On a quantum circuit, how would I create an equal superposition of the states:

$$|\psi\rangle=|0011\rangle + |0101\rangle + |0110\rangle + |1001\rangle + |1010\rangle + |1100\rangle.$$

• – glS
Commented Nov 7, 2022 at 7:21

The desired state may be rewritten$$^1$$ as $$|\psi\rangle=|0\rangle\otimes|\overline{W}\rangle+|1\rangle\otimes|W\rangle$$ where $$|W\rangle=|001\rangle+|010\rangle+|100\rangle$$ and $$|\overline{W}\rangle=|110\rangle+|101\rangle+|011\rangle=XXX|W\rangle$$.

Thus, we can obtain $$|\psi\rangle$$ in three steps. First, initialize four qubits $$1$$,$$2$$,$$3$$ and $$4$$ to $$|0000\rangle$$. Next, apply Hadamard to qubit $$1$$ and a circuit$$^2$$ that creates the W state to qubits $$2$$, $$3$$ and $$4$$. Then, apply $$X$$ to qubits $$2$$, $$3$$ and $$4$$. Finally, execute three controlled-NOT gates, each controlled by qubit $$1$$ and having qubits $$2$$, $$3$$ and $$4$$ as the target, respectively.

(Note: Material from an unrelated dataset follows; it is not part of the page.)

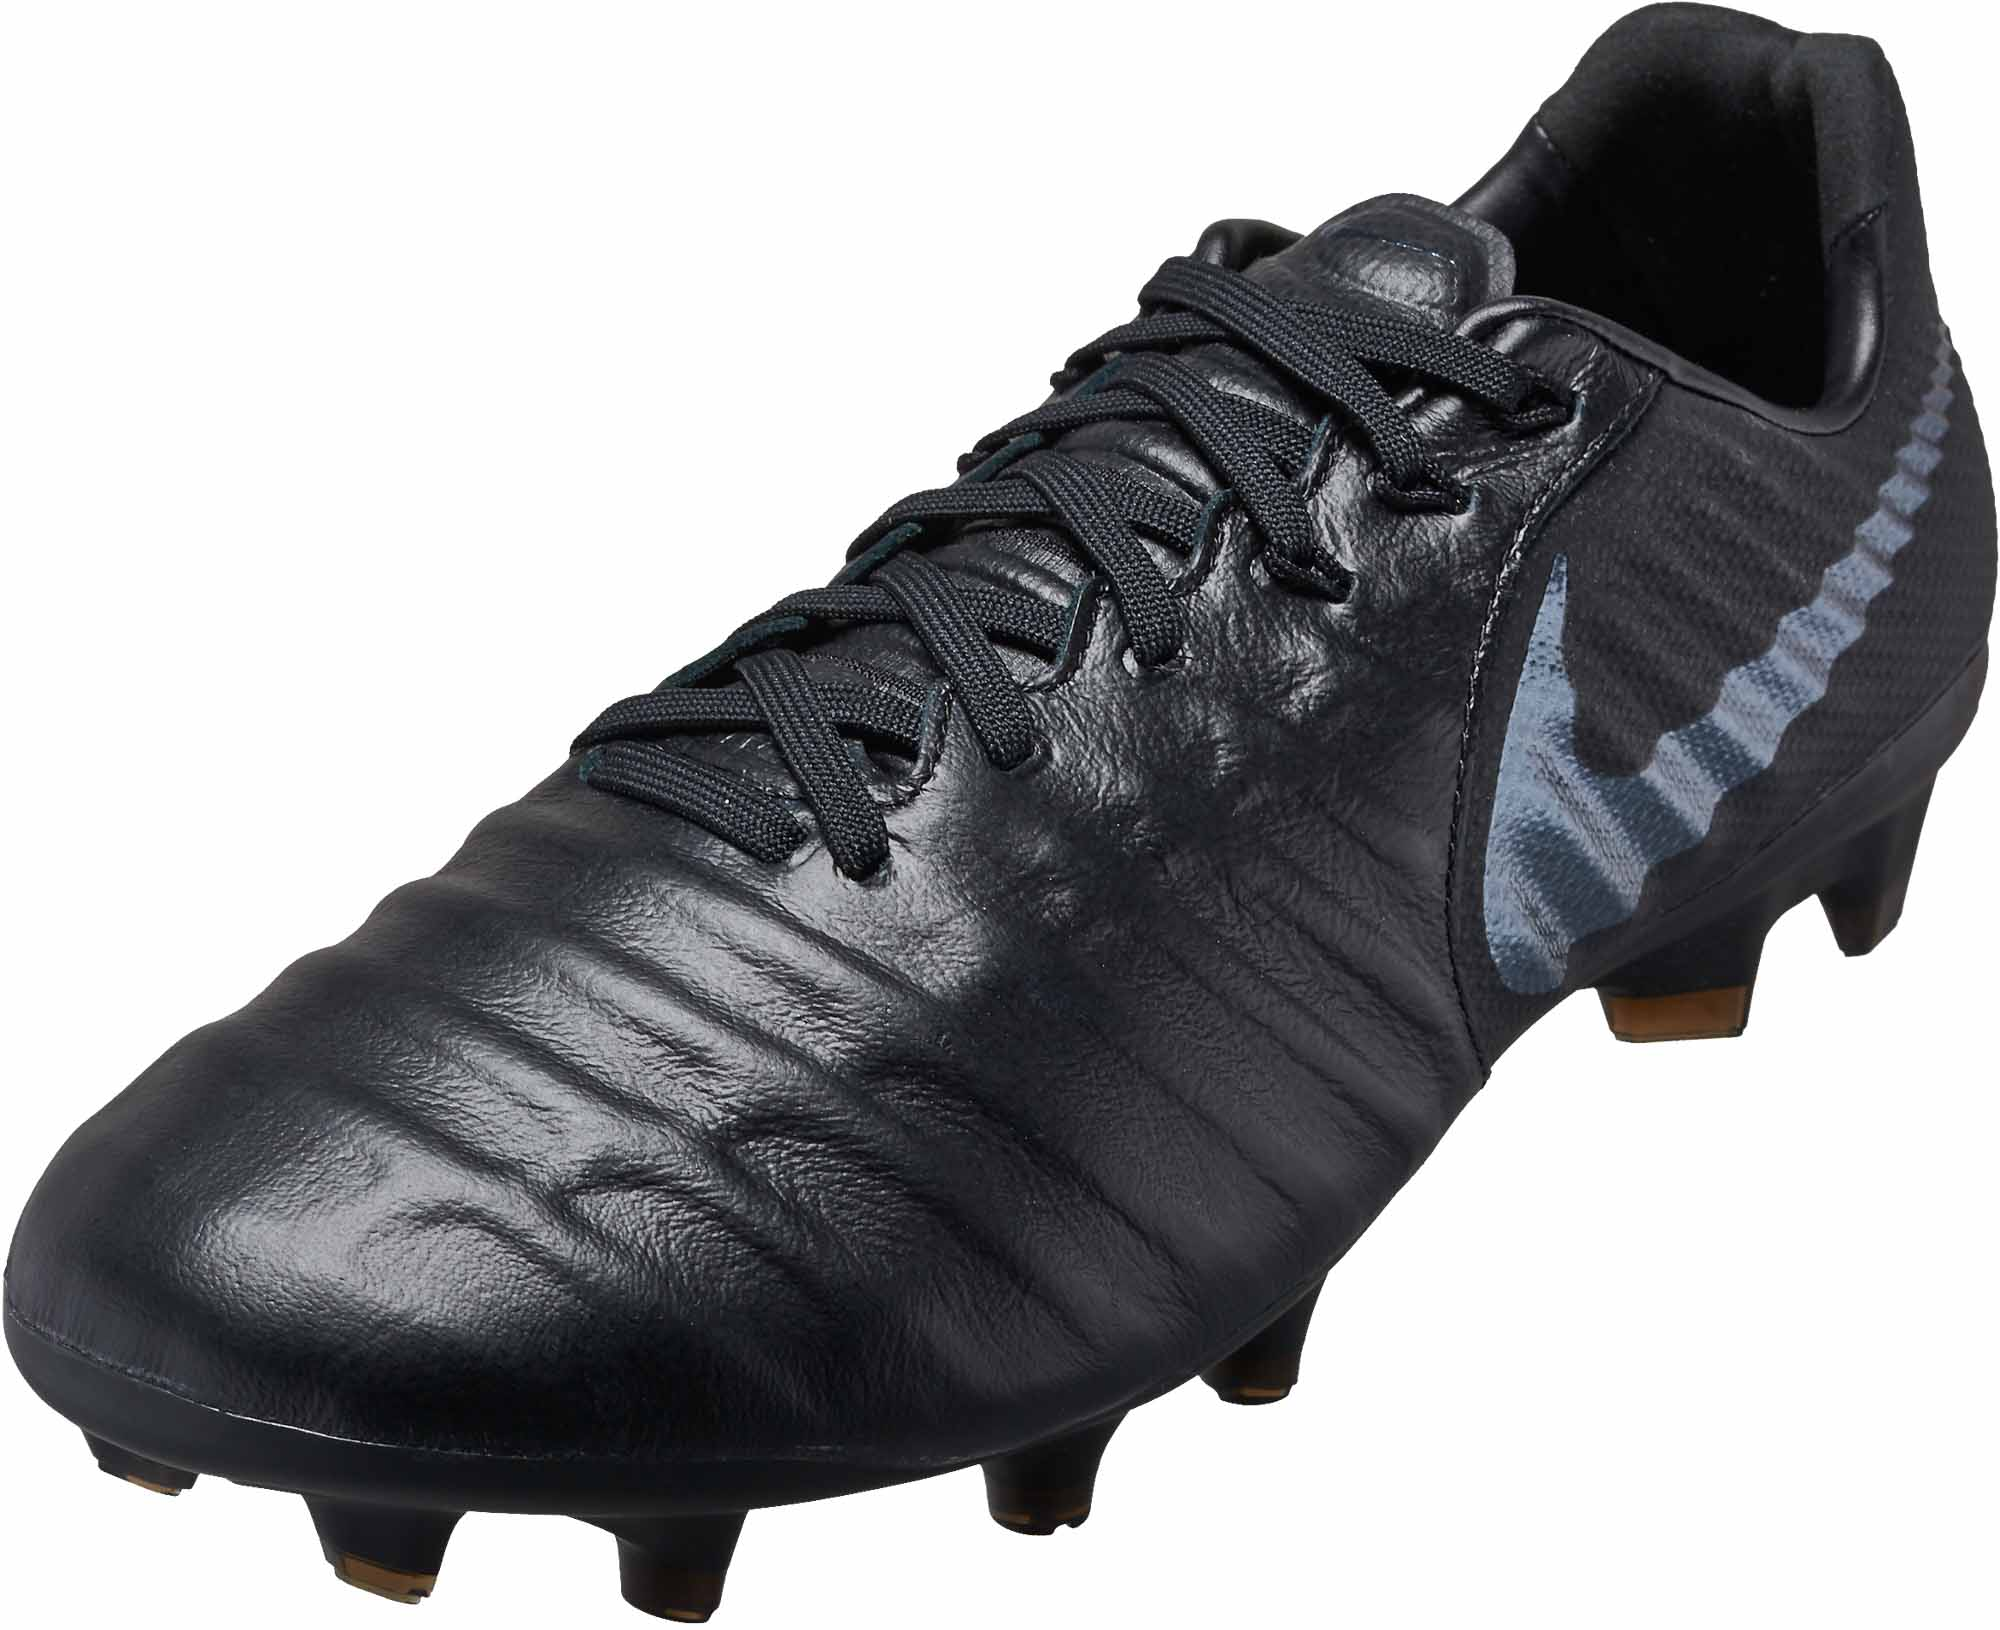 Nike Tiempo Legend 7 Pro FG - Black Black - SoccerPro f0523923de4f

$$^1$$ As in the question, we ignore normalization.

$$^2$$ See here for an example of such a circuit.

• And the magic angle in the circuit of Footnote 2 is $cos^{-1}(-1/3)$ Commented Nov 8, 2022 at 2:32

While @Adam-Zalman's answer above is probably optimal, you can use Qiskit to get an answer to any state vector initialization problem.

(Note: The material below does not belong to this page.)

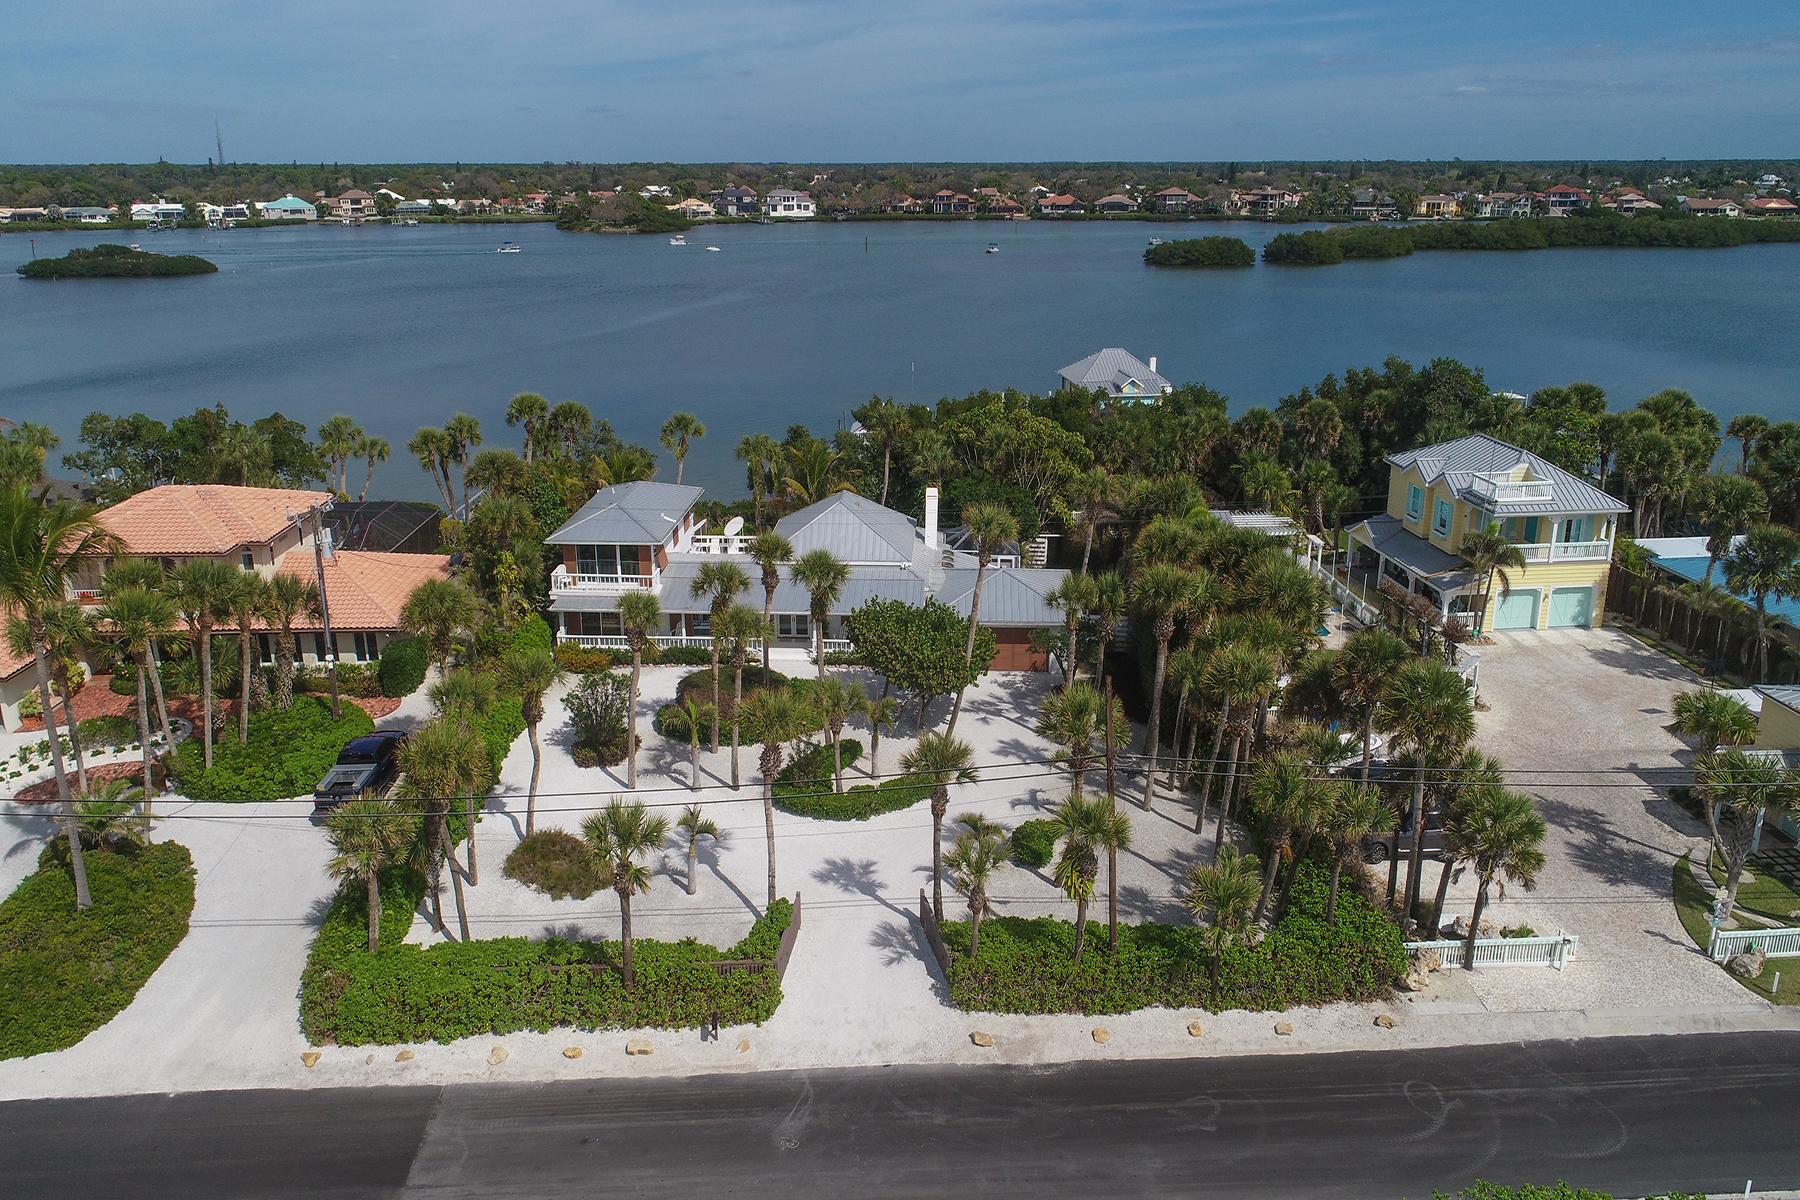 Land for Sale at 3298 Casey Key Rd Rd, Nokomis, Florida 34275 United States

from qiskit import QuantumCircuit
import numpy as np

qc = QuantumCircuit(4)
# Create the desired state vector
vector = np.array([0, 0, 0, 1, 0, 1, 1, 0, 0, 1, 1, 0, 1, 0, 0, 0]) / np.sqrt(6)
qc.prepare_state(vector)
# So we can see what the final circuit really looks like:
qc = qc.decompose(reps=10)
qc.draw(fold=-1)


If you need to just quickly get the qubits into a particular state so that you can work on doing something else, this is the right solution. If the goal is to reach a particular solution optimally and understand how you got there, the other answer is best.

[Note: prepare_state() is the same as initialize(), except it doesn't zero the wires at the start. The result is a unitary gate.]